Please let this be an intentional dig at Anna.
I gotta say that while i appreciate entertainment provided by stupid fat fucks, I would be perfectly happy if none of them ever did these things on tiktok or anywhere else. So I can't imagine anyone actually expecting it from them.
 
Please let this be an intentional dig at Anna.
That is the first person I thought of. She had to be directing it at her. She's just jealous. Even if lipids did those things, nobody would want to watch.

Also, I don't think she is autistic (not in the way she means). I think she meant to say "I'm an asshole".

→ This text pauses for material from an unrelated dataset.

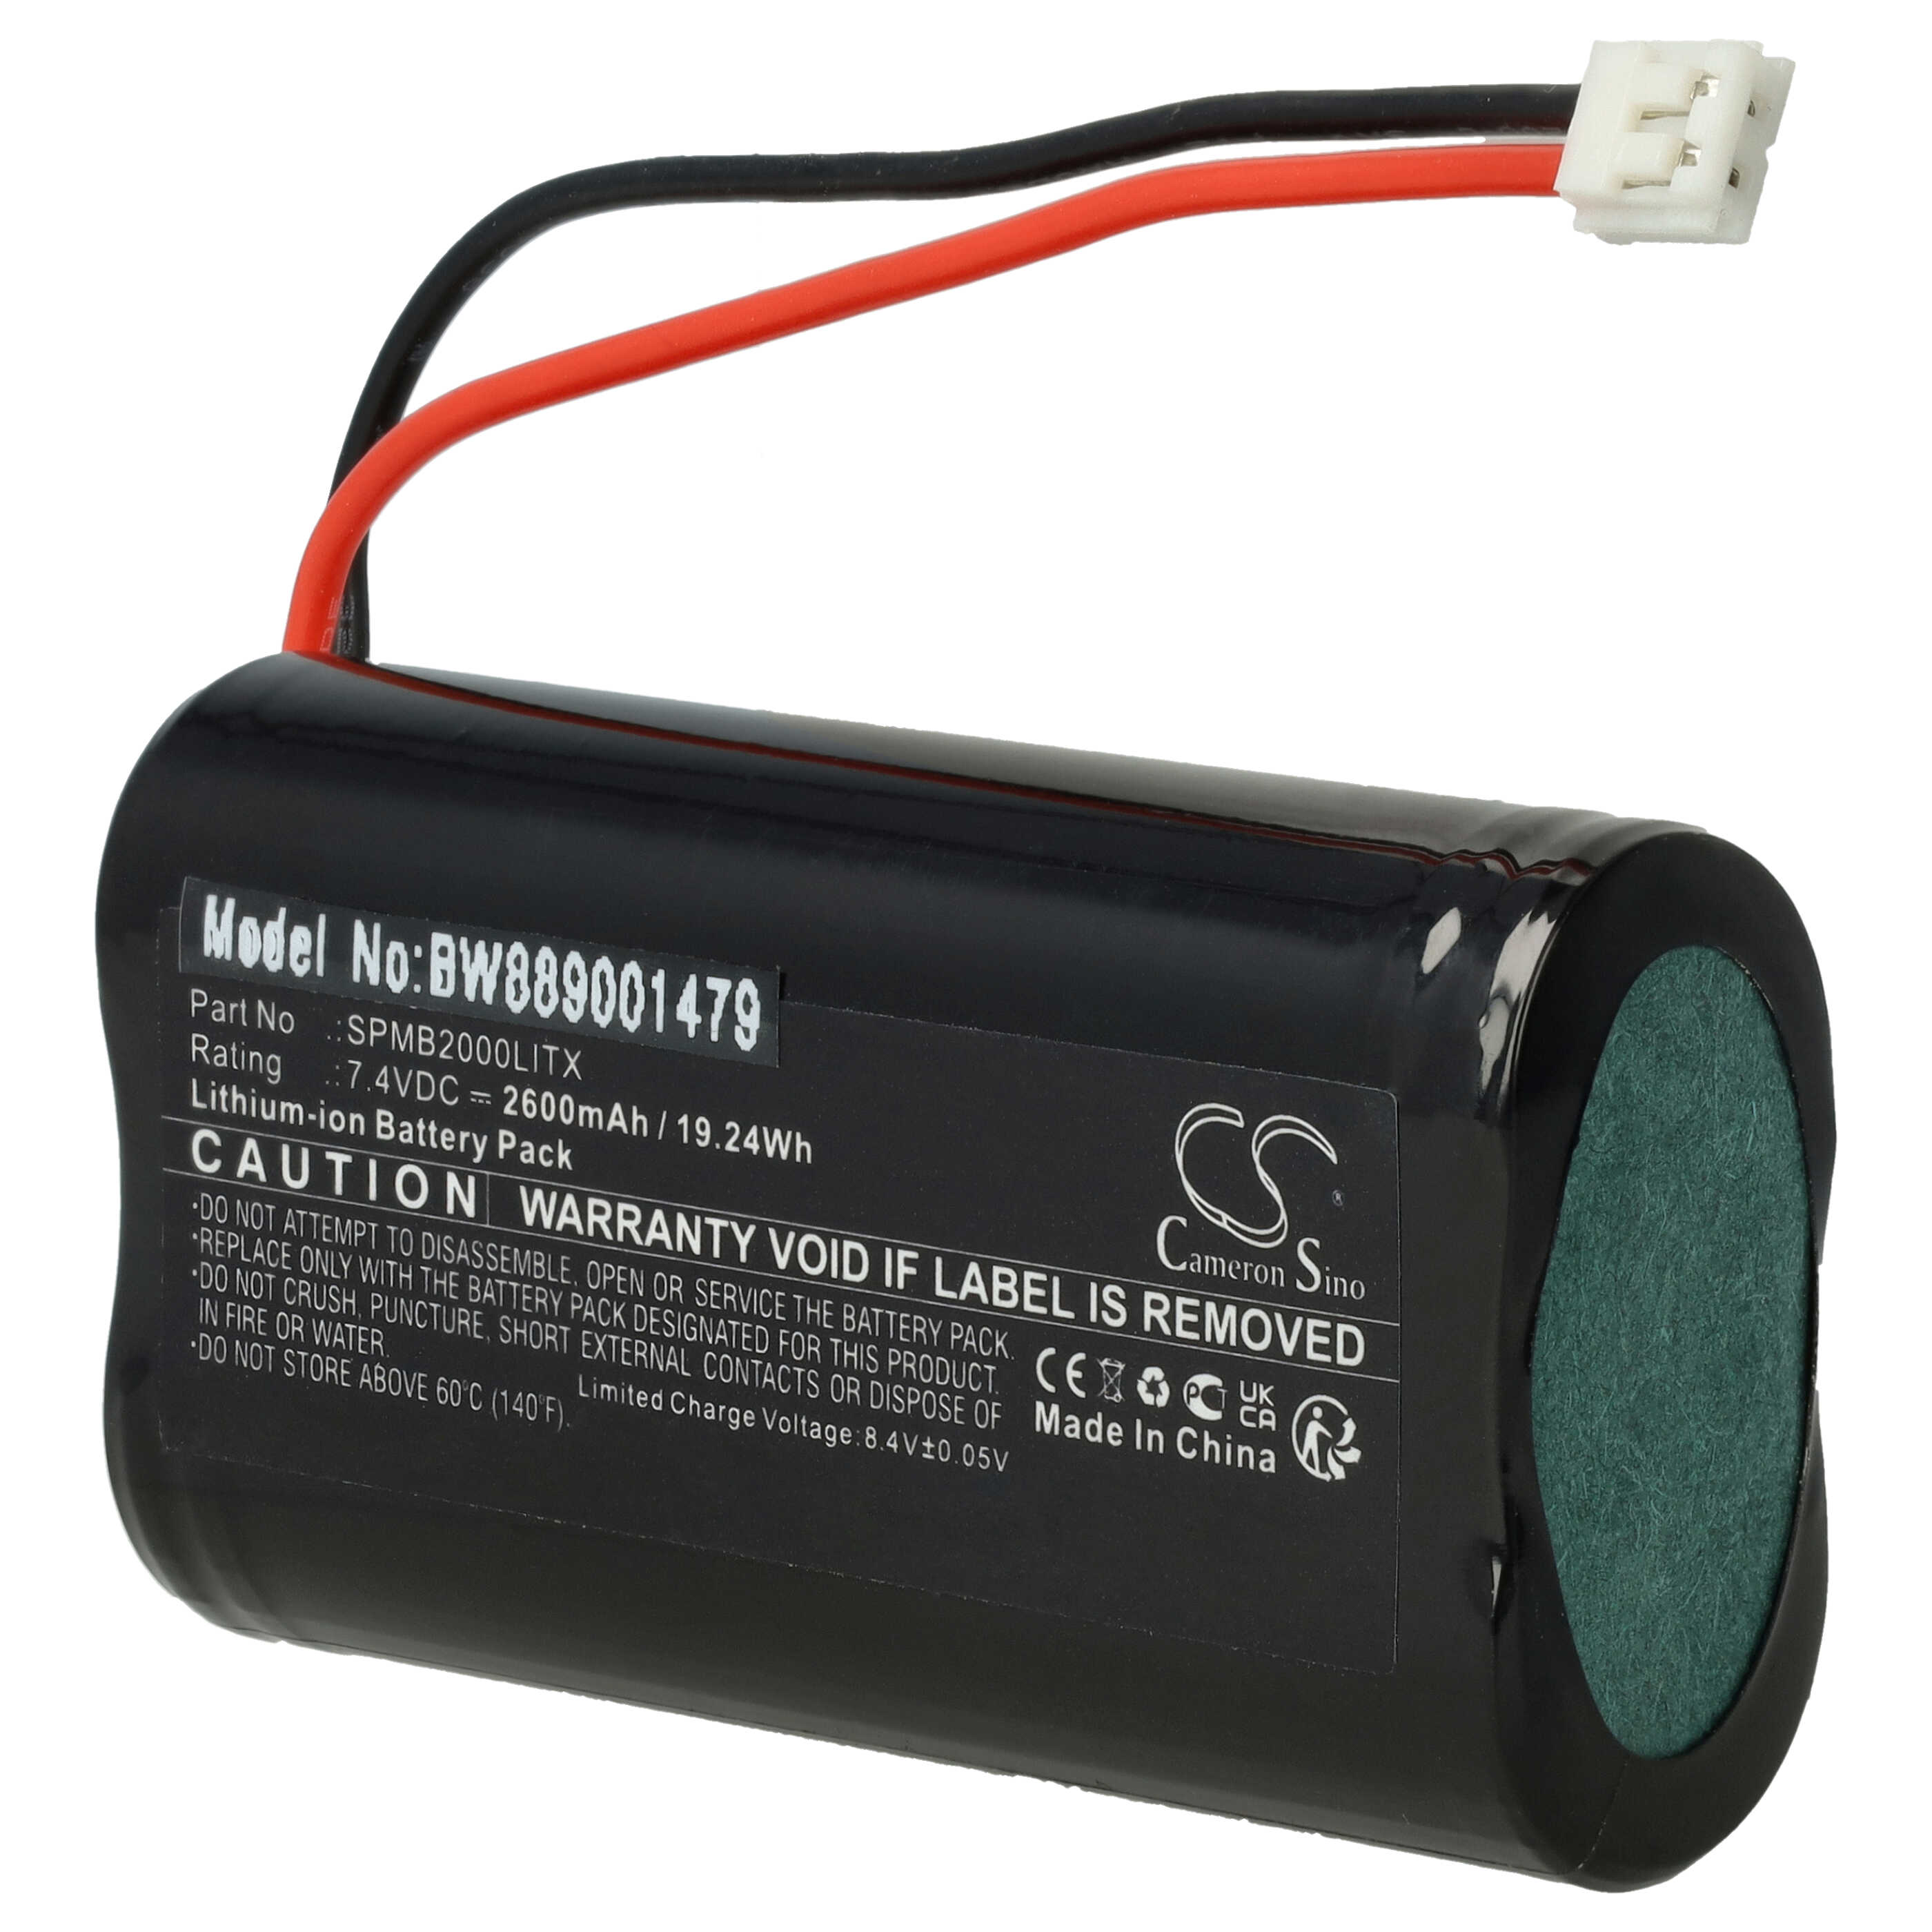 Remote Control Battery Replacement for Spektrum SPMB2000LITX - 2600mAh 7.4V Li-Ion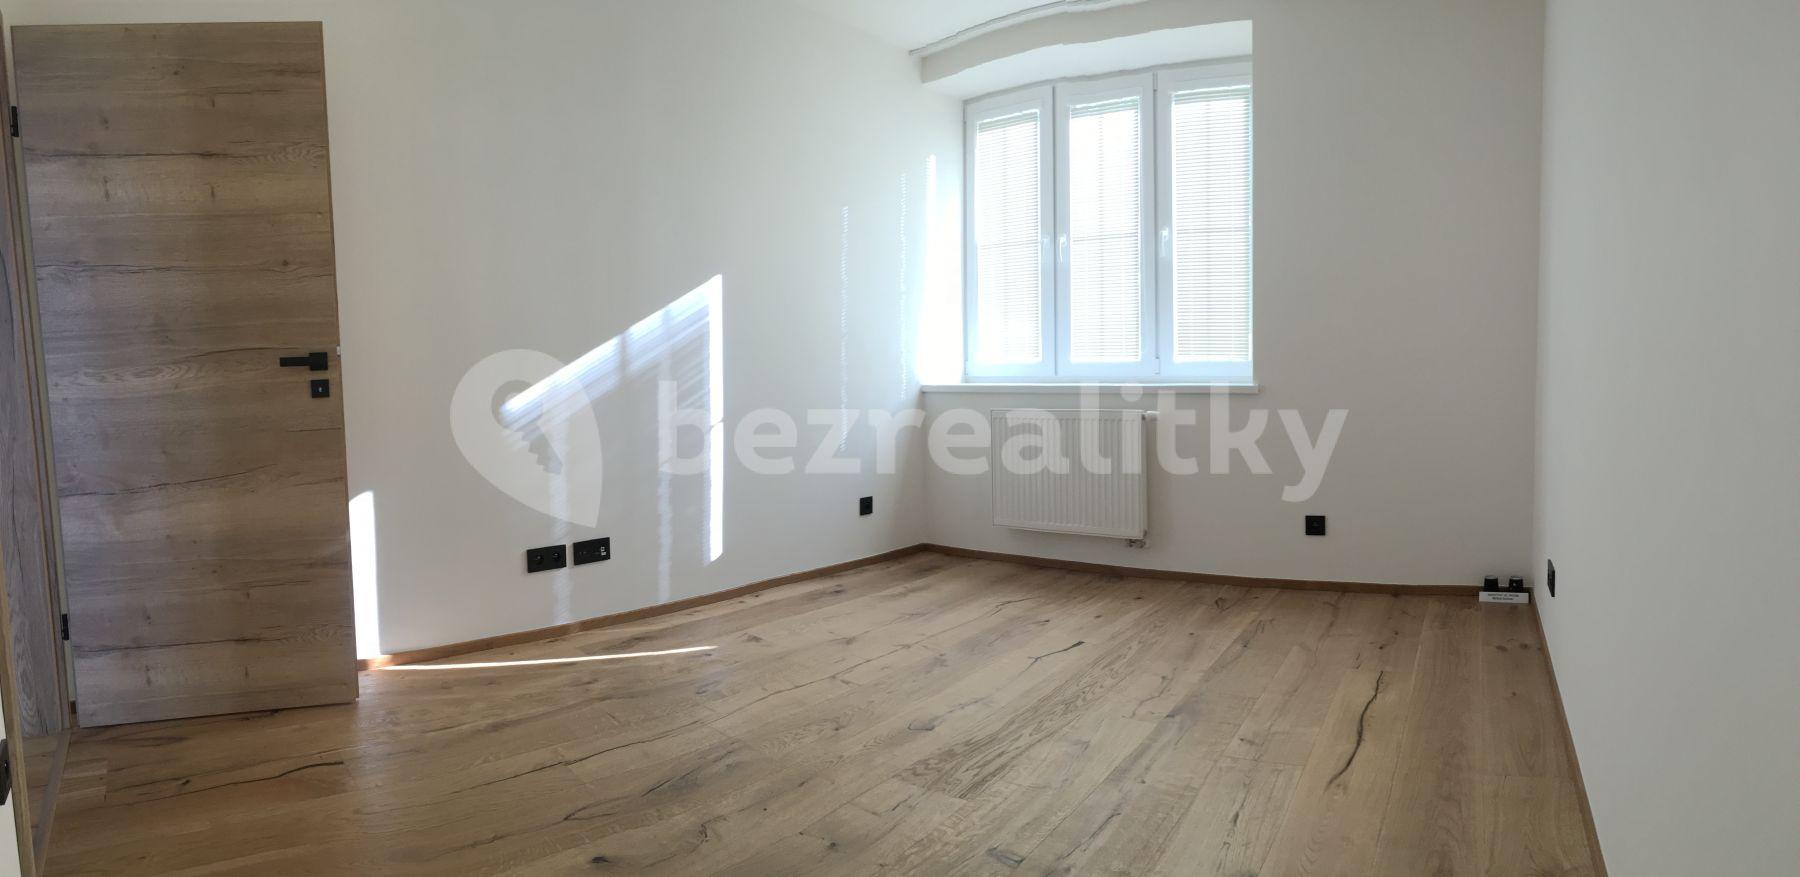 2 bedroom with open-plan kitchen flat to rent, 79 m², Sulická, Prague, Prague

Why is she appropriating Indian culture with her Christmas meal? She should be making the food of her own ancestors. Not trying to claim someone else's. Typical white person. Colonization is what brought curry to white people. All those Indians who were killed or subjugated just so Lipids could enjoy her curry. How can she sleep at night?
 
Why is she appropriating Indian culture with her Christmas meal? She should be making the food of her own ancestors. Not trying to claim someone else's. Typical white person. Colonization is what brought curry to white people. All those Indians who were killed or subjugated just so Lipids could enjoy her curry. How can she sleep at night?

Not just the food -- the Mary and Jesus appear to be of Indian extraction.
 
Not just the food -- the Mary and Jesus appear to be of Indian extraction.

Ah, you're right--I just glanced at the dark skin and thought it was a WE WUZ KANGZ moment. Looks like it's a portrayal of Madonna and child as dark Indians or similar. Livid is fetishizing these people. Liberal racism in a nutshell.